James Buchanan won the Nobel Prize for economics in 1986.  Buchanan became a leader in what is known as the “economics of public choice,” a field melding economics with political science.

In a 2007 article in the Independent Review, Jerry Tempelman reviewed seven main themes of Buchanan’s work relating to government deficits and debt.  Those themes were:

  • The incidence of public debt
  • Economic consequences of public debt
  • Ricardian equivalence
  • Keynesian macroeconomics
  • Permanence of public debt
  • Moral consequences of public debt
  • The need for a constitutional balanced budget amendment

Summarizing briefly (and more to follow), Buchanan started with a public choice economist’s main assumptions, which include a realization that government officials are primarily self-interested, like the rest of us. As a result, they tend to prefer debt financing to taxes, which couples with spending preferences to lead to an unhealthy accumulation of debt over time.  The ‘incidence’ of public debt deals with who pays the freight, who bears it, and Buchanan argued that future generations bear those costs. 

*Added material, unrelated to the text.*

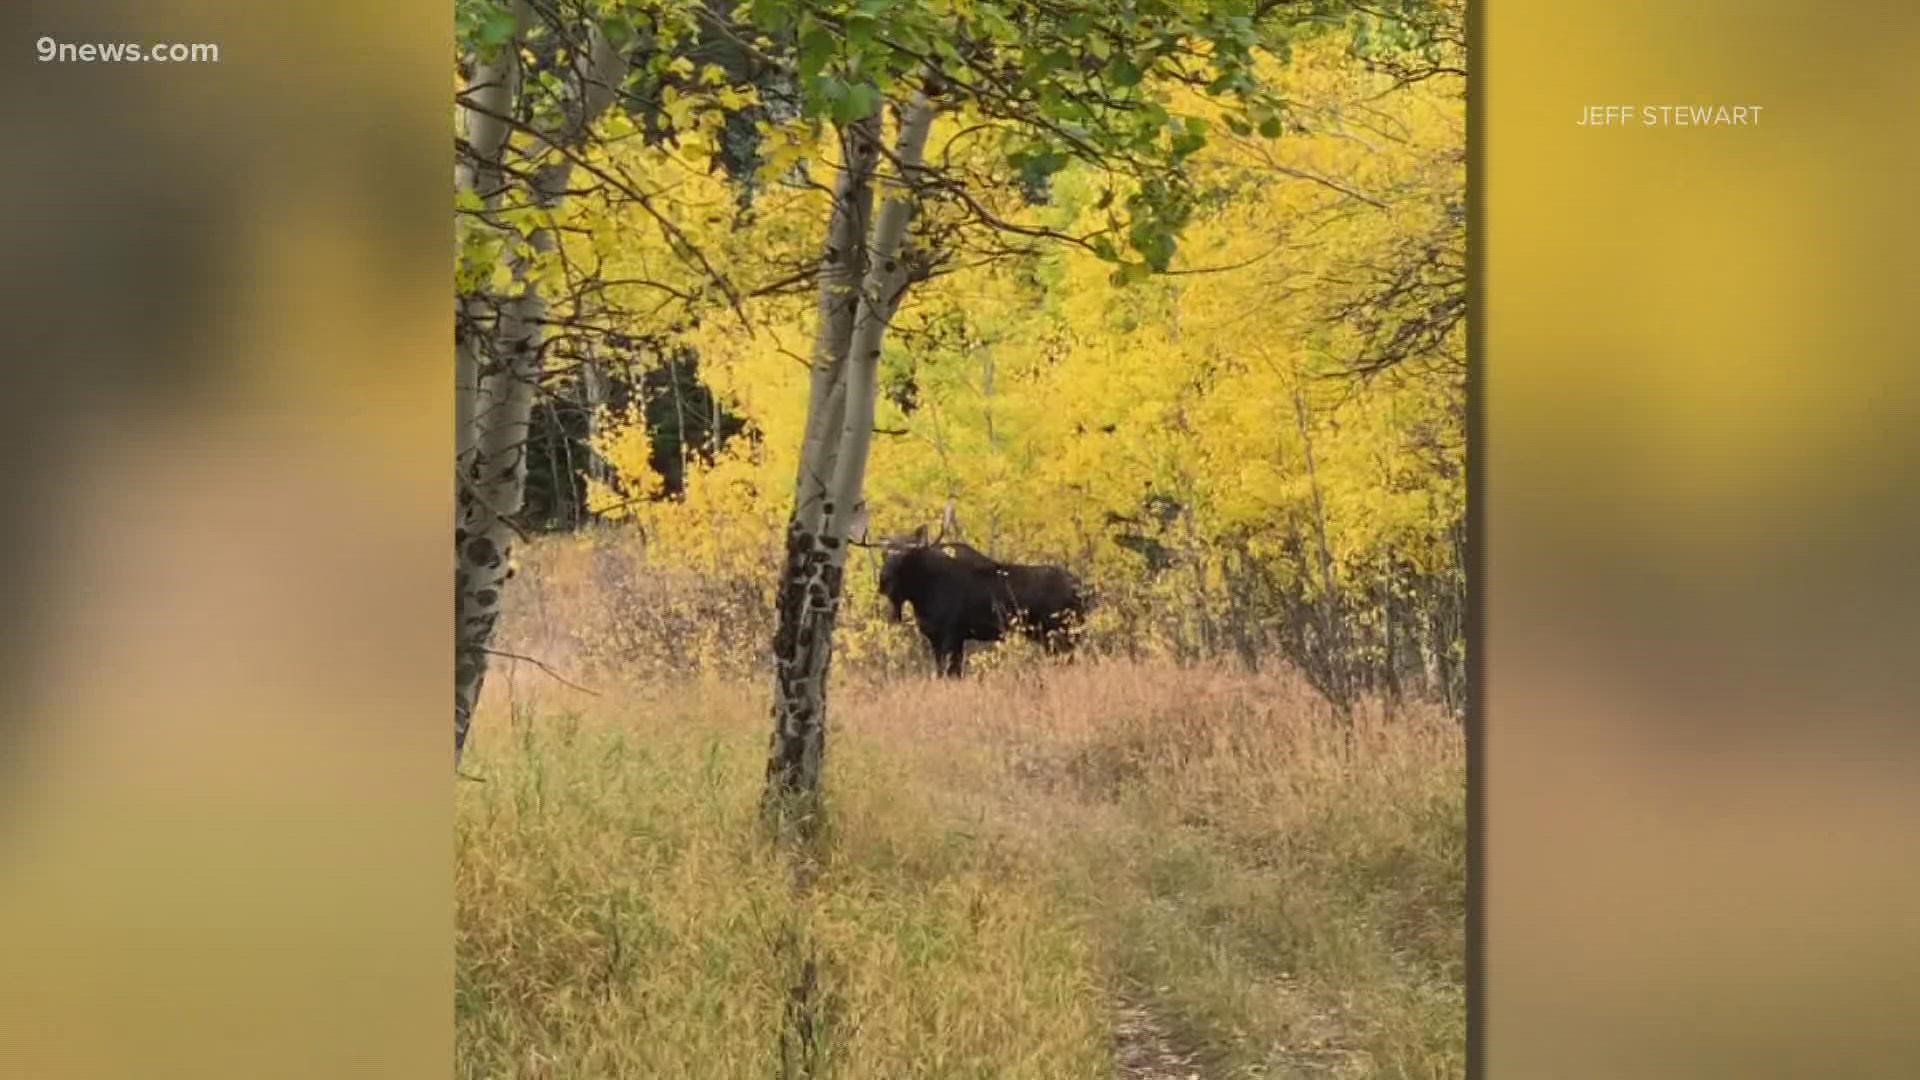 A moose near Nederland was enjoying some leaf-peeping!

The accumulation of debt borne by people without a say in the matter is immoral, in Buchanan’s view, yet this will be a natural outcome of a government process without strong moral leadership and/or legal constraints. Strong moral leadership is a rare thing, and Buchanan called for legal means like a constitutional balanced budget requirement to bind the hands that lead us.

There are calls out there today for a new Article V convention to develop an amendment to the U.S. Constitution calling for a balanced budget.  If we’ve learned anything from state experience, however, the effectiveness of any such constraint depends on how it is worded, and enforced.